* **PROBLEM TO WORK ON**
Reproduce the listing exactly and skip over any pictures.

* **DATA BELOW**
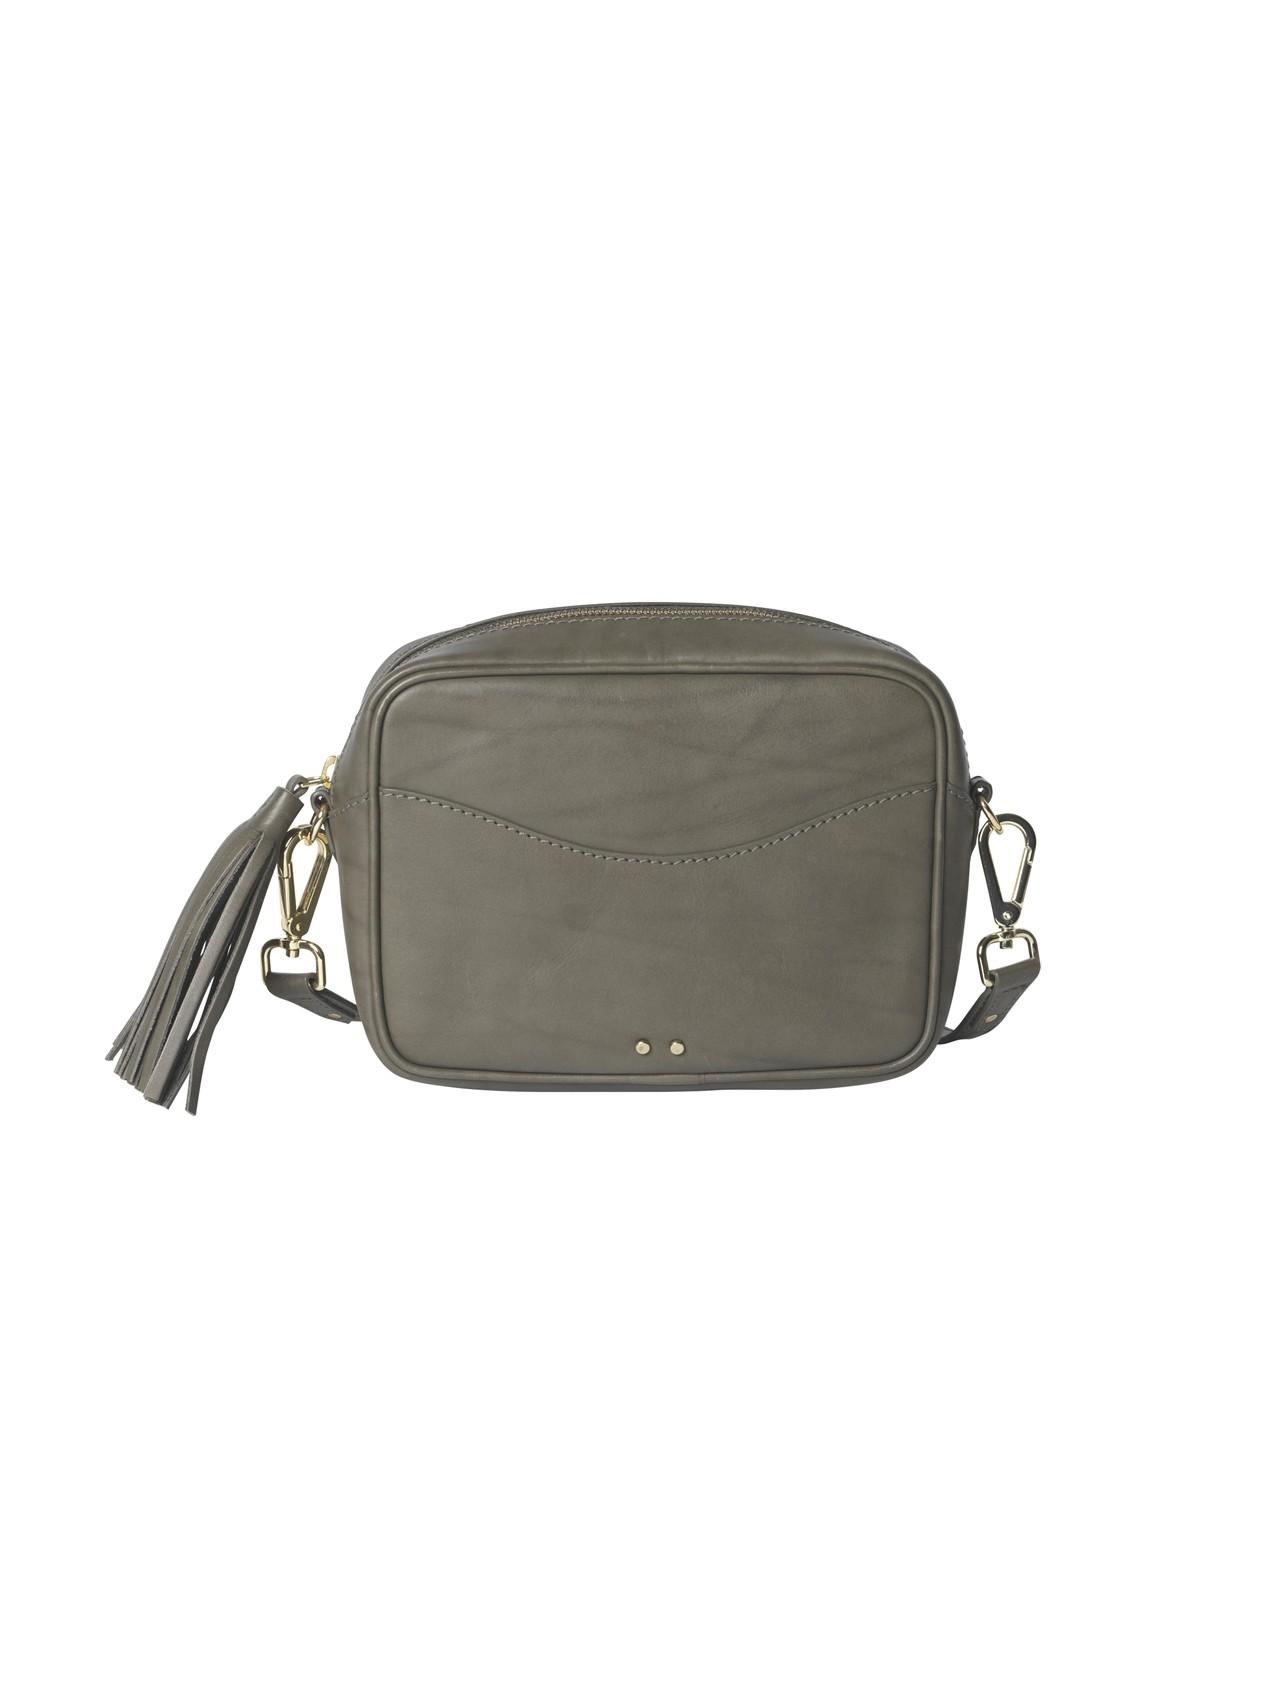 Becksondergaard Leather Pippa Bag Army Green
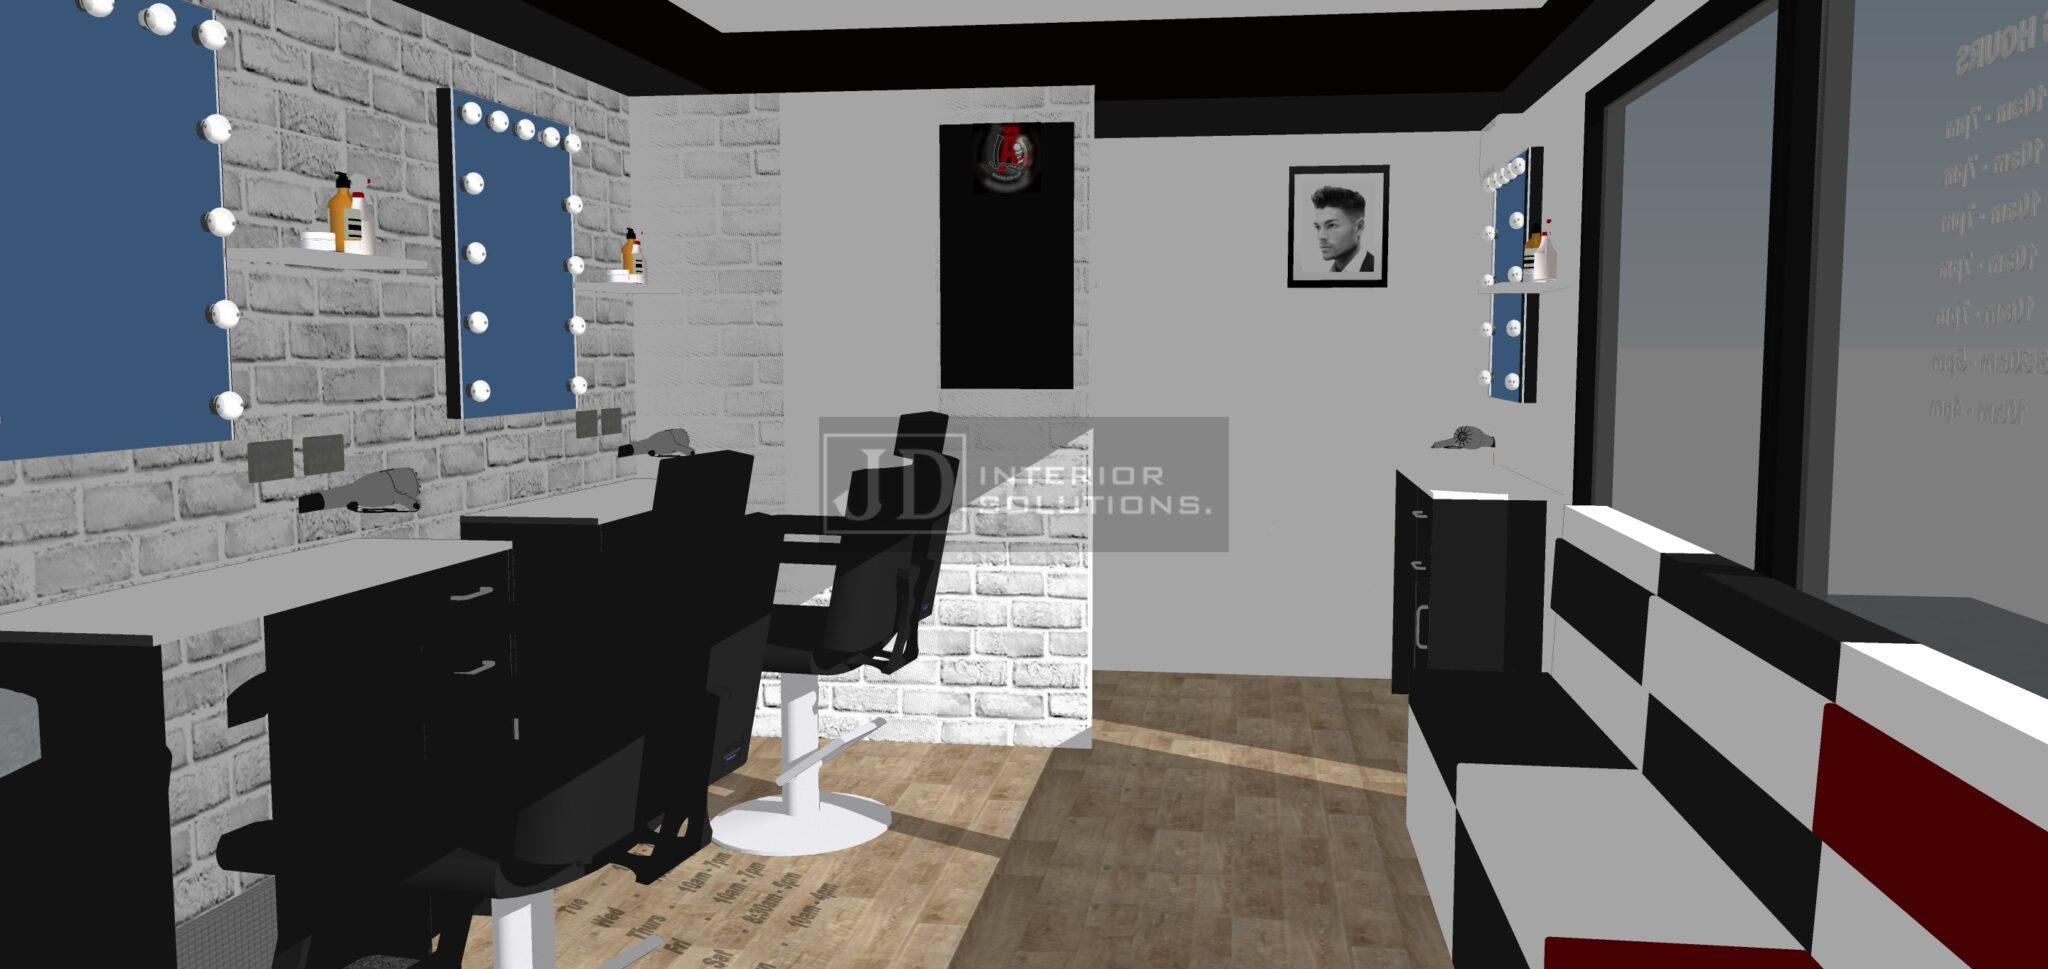 LA Jaks Barbershop - 6.8m x 3.4m2
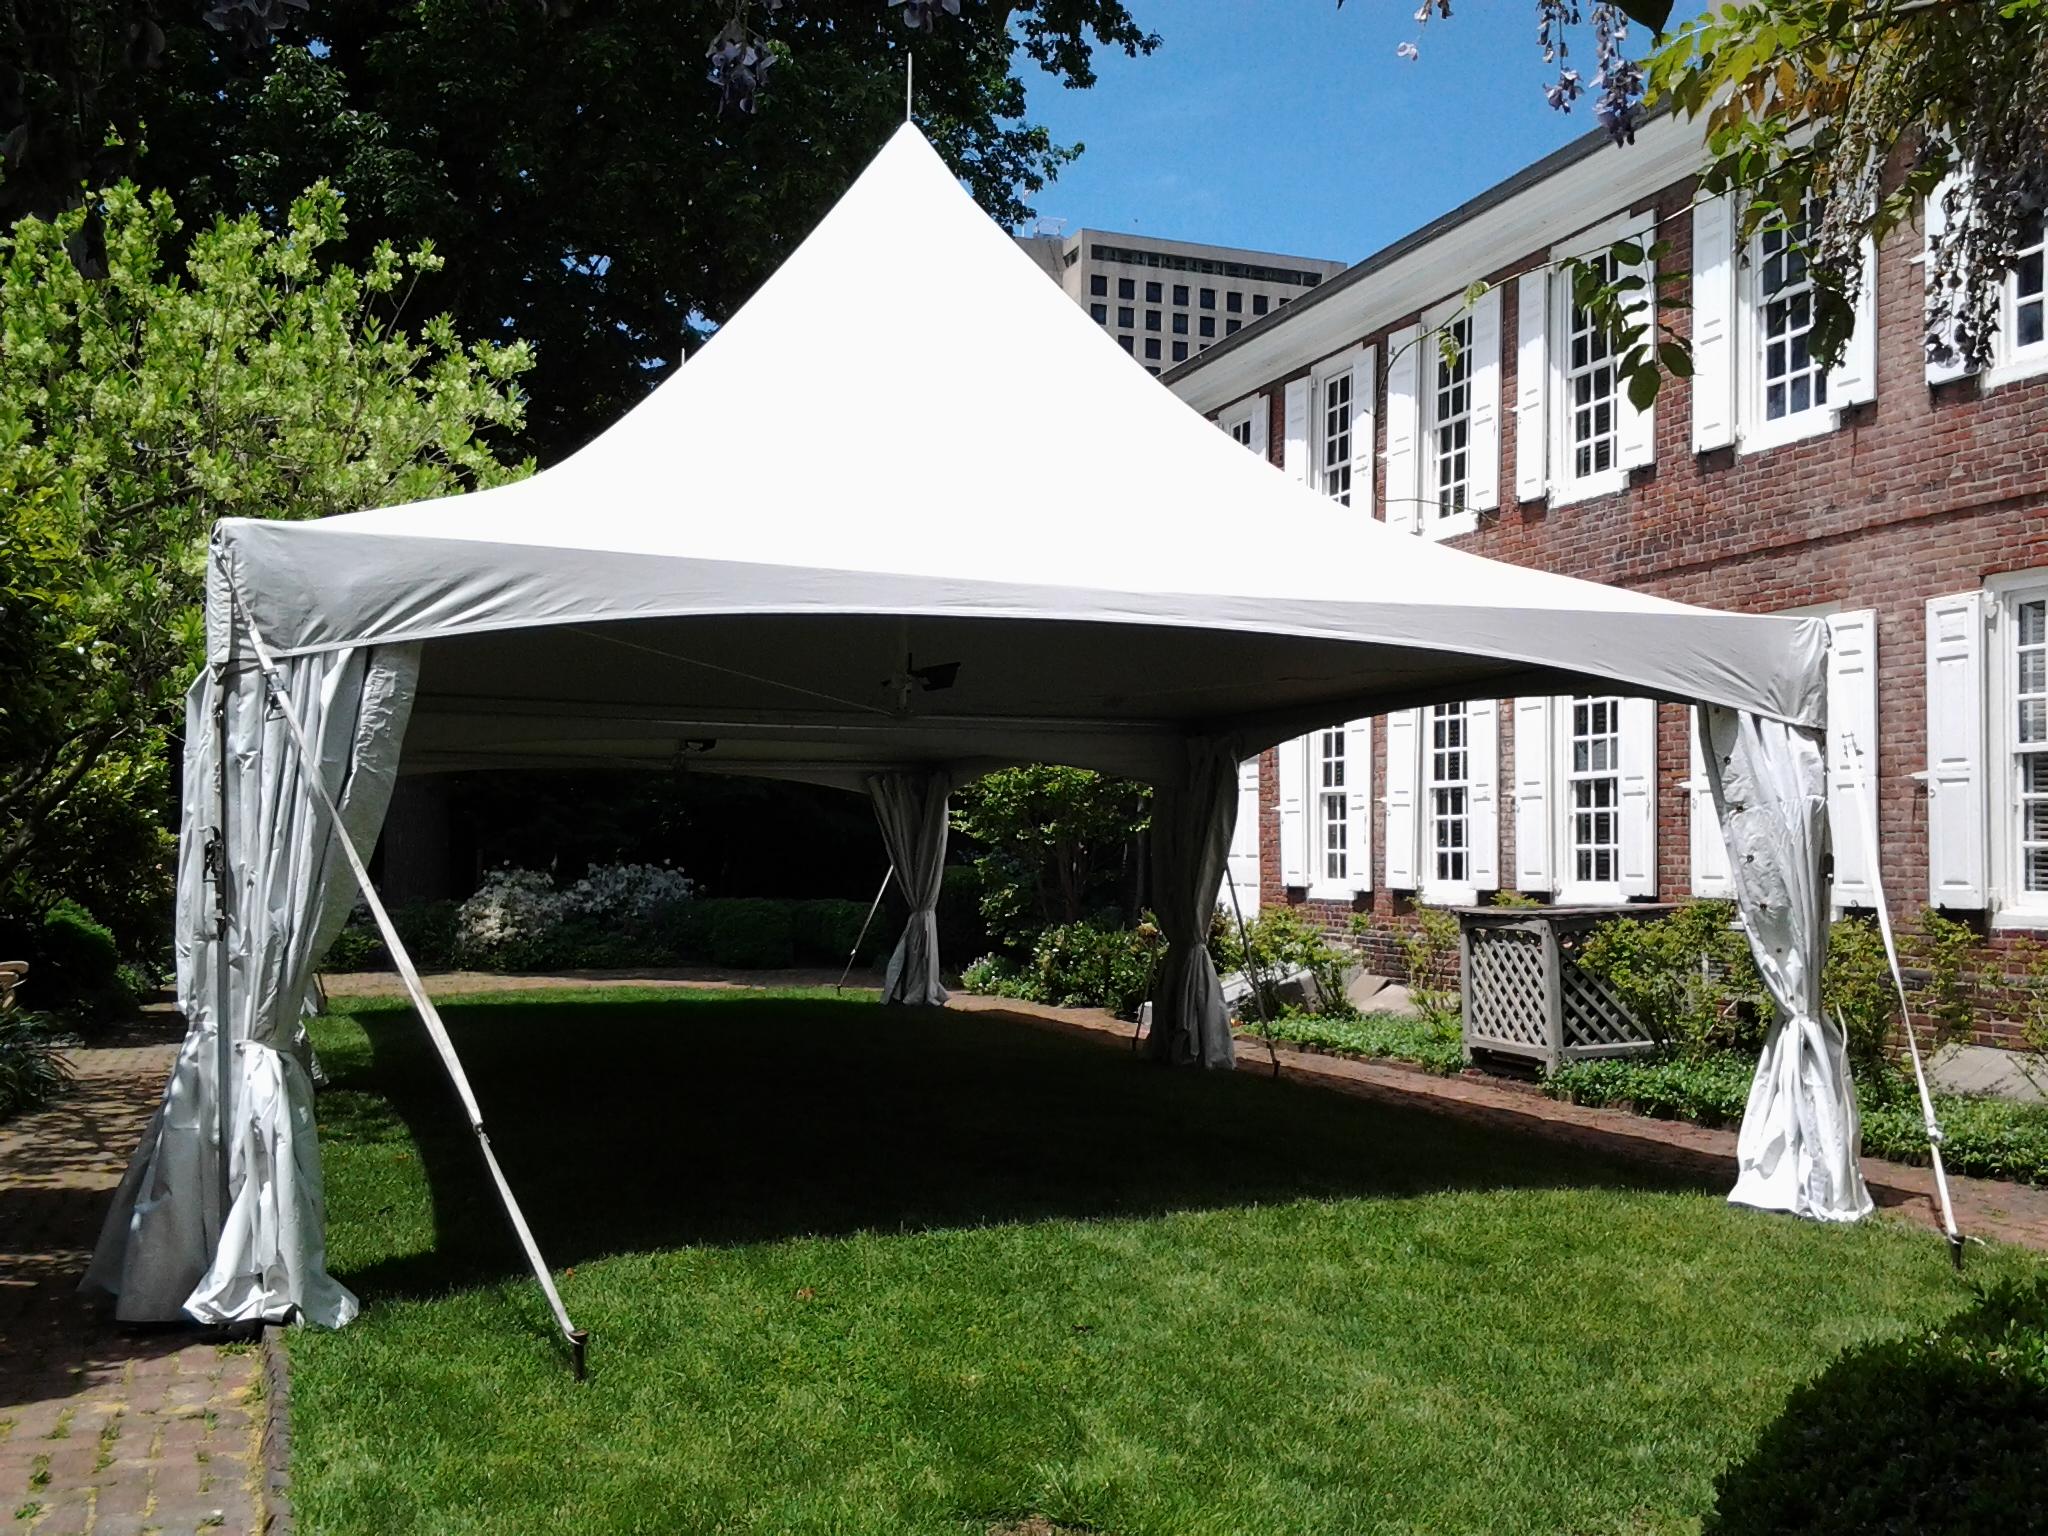 20x20 white frame tent
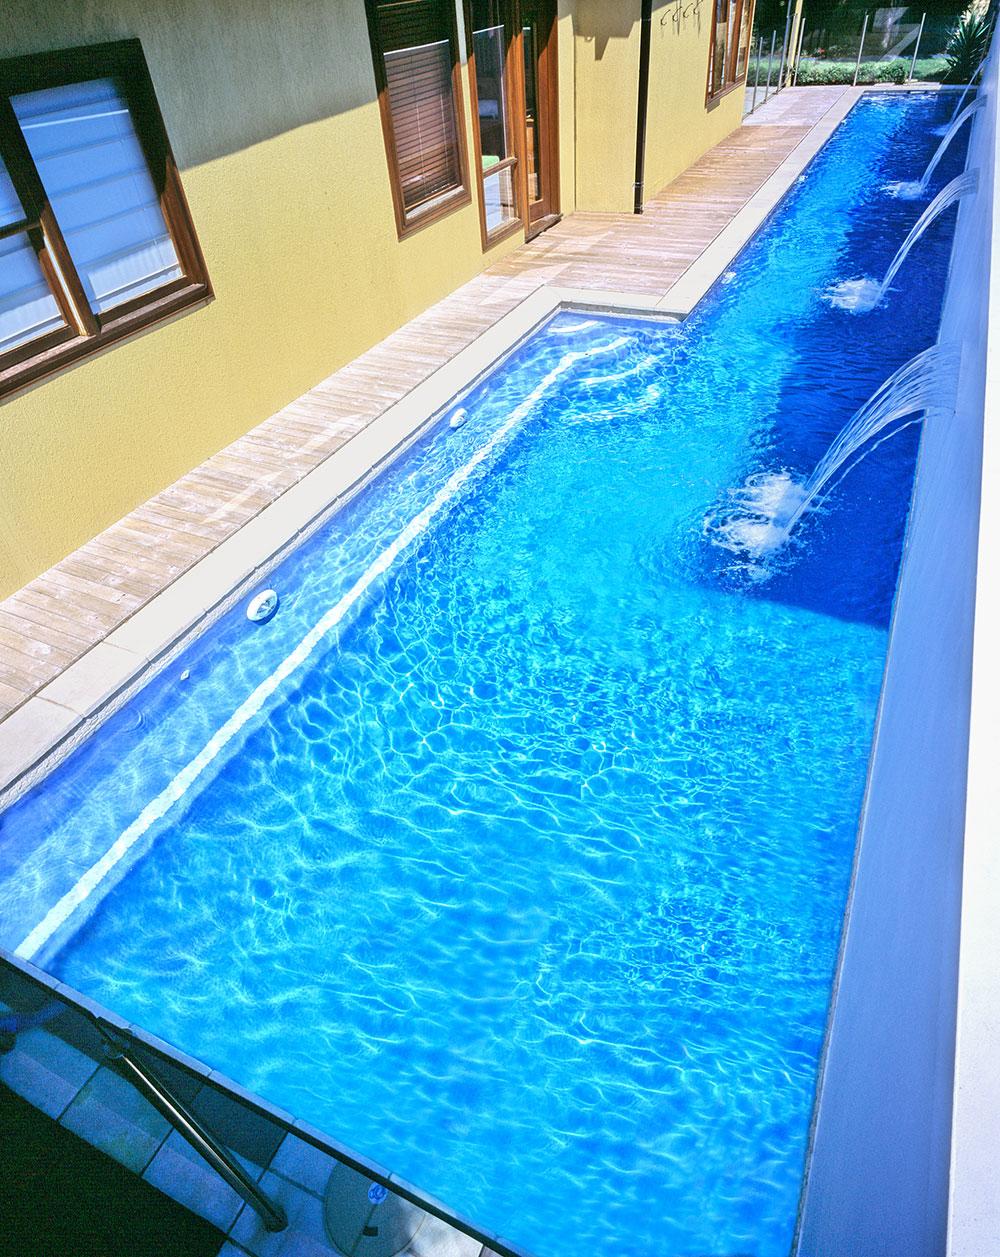 Swimming Pool Designs Inspiration - 88

* **SOLUTION FOR THIS PROBLEM**
 Becksondergaard Leather Pippa Bag Army Green
 LA Jaks Barbershop - 6.8m x 3.4m2
 20x20 white frame tent
 Swimming Pool Designs Inspiration - 88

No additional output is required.